For my samples They are from Quesnel lake (QL) in the disaster (D) or natural (N) area from cores (c) 1 or 2. They are also from various depths down the column (TL4, NS1, LN4, SH2)

Just to start lets looka t what the reads look like!

plotQualityProfile(fnraw)

SO how do you read these? the green line is the median quality score, the greyscale is a heatmap of the frequency of each quality score, the quartiles of the average quality are shown with the orange lines, and the read line at the bottom (with a seperate scale) shows the proportion of reads a that extend to at least that length. What is quality score? check out https://www.illumina.com/science/technology/next-generation-sequencing/plan-experiments/quality-scores.html and https://drive5.com/usearch/manual/exp_errs.html but briefly, Quality score = 10 means a wrong base is reported 10% of the time. Q20 is 1% and Q30 is 0.1% of the time. So anything under q20 should be removed. This is in theory correct; however it is better to delete samples based on the number of expected errors rather than error chance. (this still uses quality score information) https://academic.oup.com/bioinformatics/article/31/21/3476/194979?login=false PS. idk why it says cycle, it means bps (length of sequence)

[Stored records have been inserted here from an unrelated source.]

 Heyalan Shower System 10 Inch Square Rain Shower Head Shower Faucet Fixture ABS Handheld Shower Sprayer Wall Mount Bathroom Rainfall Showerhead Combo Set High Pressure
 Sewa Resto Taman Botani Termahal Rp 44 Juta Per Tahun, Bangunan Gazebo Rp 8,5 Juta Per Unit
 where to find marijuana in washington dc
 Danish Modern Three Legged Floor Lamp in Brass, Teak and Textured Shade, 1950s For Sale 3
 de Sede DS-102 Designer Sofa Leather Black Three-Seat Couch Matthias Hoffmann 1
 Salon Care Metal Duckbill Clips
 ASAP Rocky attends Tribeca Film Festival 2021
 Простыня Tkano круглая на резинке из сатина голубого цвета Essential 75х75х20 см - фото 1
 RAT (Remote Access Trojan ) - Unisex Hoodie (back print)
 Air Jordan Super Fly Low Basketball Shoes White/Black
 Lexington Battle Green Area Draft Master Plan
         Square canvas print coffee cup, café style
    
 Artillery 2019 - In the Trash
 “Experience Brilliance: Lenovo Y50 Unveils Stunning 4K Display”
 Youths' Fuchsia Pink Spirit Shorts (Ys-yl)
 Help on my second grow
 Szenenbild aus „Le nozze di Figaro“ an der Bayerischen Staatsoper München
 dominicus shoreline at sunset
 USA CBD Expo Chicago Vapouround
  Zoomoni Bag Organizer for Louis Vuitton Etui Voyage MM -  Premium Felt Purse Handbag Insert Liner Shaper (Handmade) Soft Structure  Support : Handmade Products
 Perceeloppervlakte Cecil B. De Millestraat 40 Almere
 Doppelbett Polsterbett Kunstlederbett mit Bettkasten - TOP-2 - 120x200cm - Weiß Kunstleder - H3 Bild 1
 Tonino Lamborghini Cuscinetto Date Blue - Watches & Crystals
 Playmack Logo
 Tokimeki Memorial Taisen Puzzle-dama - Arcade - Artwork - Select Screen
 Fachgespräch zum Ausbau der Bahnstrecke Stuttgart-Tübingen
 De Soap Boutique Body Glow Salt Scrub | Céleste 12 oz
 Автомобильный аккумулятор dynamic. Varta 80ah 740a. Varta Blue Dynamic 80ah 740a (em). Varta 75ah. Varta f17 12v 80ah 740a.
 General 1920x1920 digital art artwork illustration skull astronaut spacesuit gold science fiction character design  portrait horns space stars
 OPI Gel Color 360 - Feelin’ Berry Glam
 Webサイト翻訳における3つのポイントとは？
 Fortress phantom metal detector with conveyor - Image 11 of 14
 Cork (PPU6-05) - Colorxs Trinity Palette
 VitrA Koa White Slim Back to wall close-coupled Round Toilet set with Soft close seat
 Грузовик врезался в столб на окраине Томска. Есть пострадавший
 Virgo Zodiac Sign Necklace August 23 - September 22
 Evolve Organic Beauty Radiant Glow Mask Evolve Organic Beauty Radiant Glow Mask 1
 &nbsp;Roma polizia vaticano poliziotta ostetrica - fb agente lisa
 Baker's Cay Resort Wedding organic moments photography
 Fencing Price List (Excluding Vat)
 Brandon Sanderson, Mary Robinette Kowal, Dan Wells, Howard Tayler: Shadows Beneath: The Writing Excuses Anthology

Eitherway that data is RAW it even goes all the way up to 3000 bp, but the 16S reigon is like 1500 actually valuable so we’ll be trimming to that

But first we should remove the primers

nopsraw <- file.path(path, "noprimers", basename(fnraw)) #this makes a file location we can point to and a folder to follow it
primraw <- removePrimers(fnraw, #data
                         nopsraw, #output location
                         primer.fwd="AGRGTTYGATYMTGGCTCAG", #the forward primer used was 27F
                         primer.rev=dada2:::rc("RGYTACCTTGTTACGACTT"), #here we add the reverse primer and reverse it's direction (since all the reads should be in the forward direction)
                         orient=TRUE)

Just for fun we’re also gonna look at a histogram of average length, most should be around 1500 bp

lens.fn <- lapply(nopsraw, function(fn) nchar(getSequences(fn)))
lens <- do.call(c, lens.fn)
hist(lens, 100)

Excelent!

Now we can filter out data!

filts <- file.path(path, "noprimers", "filtered", basename(fnraw))#creating our output folder and location


track <- filterAndTrim(nopsraw, #input data
                       filts, #output data
                       minQ=3, #minimum quality score
                       minLen=1000, #minimum length (don't do this with fungal data (asterix))
                       maxLen=1600, #max length (Dont do this with fungal data (asterix))
                       maxN=0, #no ambigous bases here please!
                       rm.phix=FALSE, 
                       maxEE=2) #you can have 2 errors in a sequence as a treat but thats IT
track

##                   reads.in reads.out
## QLDc1TL4.fastq.gz     9236      7666
## QLDc2NS1.fastq.gz     5436      4461
## QLNc1LN4.fastq.gz     3527      2913
## QLNc1SH2.fastq.gz     7868      6469

I’m loosing reads but not massive amounts so its okayyy

Lets take another look at the qualities of those sequences!

plotQualityProfile(filts)

drp <- derepFastq(filts, verbose=TRUE)

## Dereplicating sequence entries in Fastq file: C:\Users\angus\OneDrive - UNBC\Angus Ball\Lab work\The Nautilus\Data\On metabarcoding\Zymo pretrials/noprimers/filtered/QLDc1TL4.fastq.gz

## Encountered 5703 unique sequences from 7666 total sequences read.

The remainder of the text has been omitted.